In the name of authority and control, we have created educational and business structures based on yes/no and either/or thinking. We have followed the lead of our computers. But rhetoric is central to learning, thinking, and relating to other complex creatures, and we cannot neglect it. Representation, metarepresentation, interpretation, attention, and other factors come into play. The answer to many questions remains “mu”—neither yes nor no—for a long time. And that is good! To jump to conclusions is one of the fatal flaws of human cognition. Better to hold information with a metarepresentational tag (as Lisa Zunshine and others describe it). So and so said this, or I read this in such and such a newspaper, or . . . in the world of rhetoric, judgments are always contingent. But that does not stop us from making choices and acting. Our best judgment guides us, and that must be (adaptively speaking) good enough. Can I jump far enough to avoid falling on that ice spot? Did my friend give me the best instructions for getting to his house? Should I take the job offer I just received, or stick with a sure thing that I’ve already got? Both/And thinking always comes into play.
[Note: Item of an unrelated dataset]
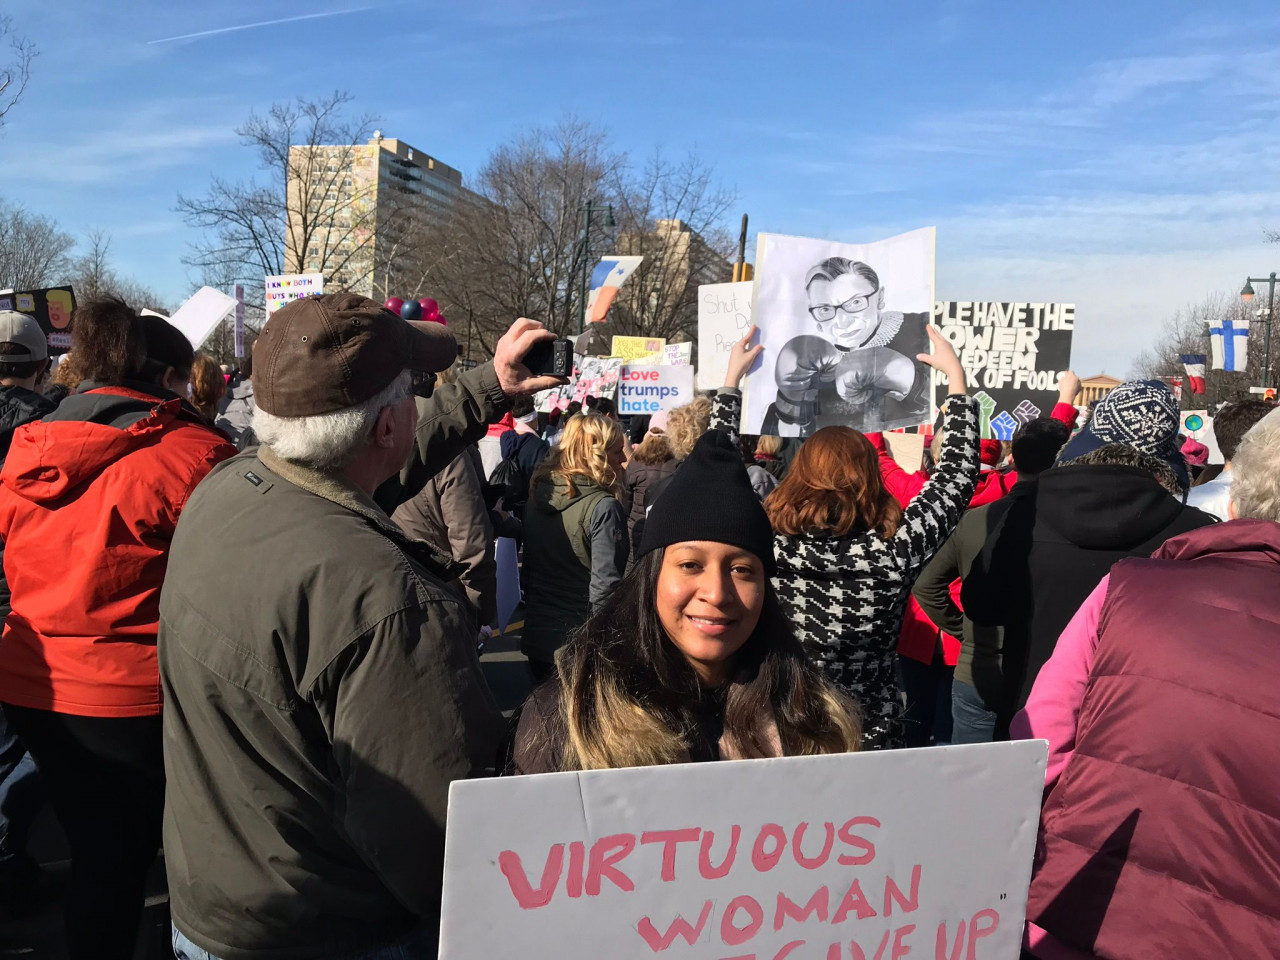 Philly Women's March 2018 - <a class="bx-tag" rel="tag" href="https://wethepeople.care/searchKeyword.php?type=keyword&keyword=RBG"><s>#</s><b>RBG</b></a>

The university, and public education in the U.S., were built on principles that no longer hold. Education in medieval times centered on cultural memory. Monks copied manuscripts, storing and transmitting the written word and thought from generation to generation. The scale of human thinking was limited by the small scope of both thinkers and their influence on readers. The corpus of knowledge was small, relatively speaking, and a life’s work could result in complete mastery of major subject areas. One could, truly, know the best that had been said and written. Knowledge was accumulative, centered on memorization and identification. Expertise was mastery of a body of texts and ideas. Ph.D. programs and teacher prep programs remain enmeshed in the assumptions of this medieval understanding of knowledge
It is time for a change of direction. I'd love to hear comments on this.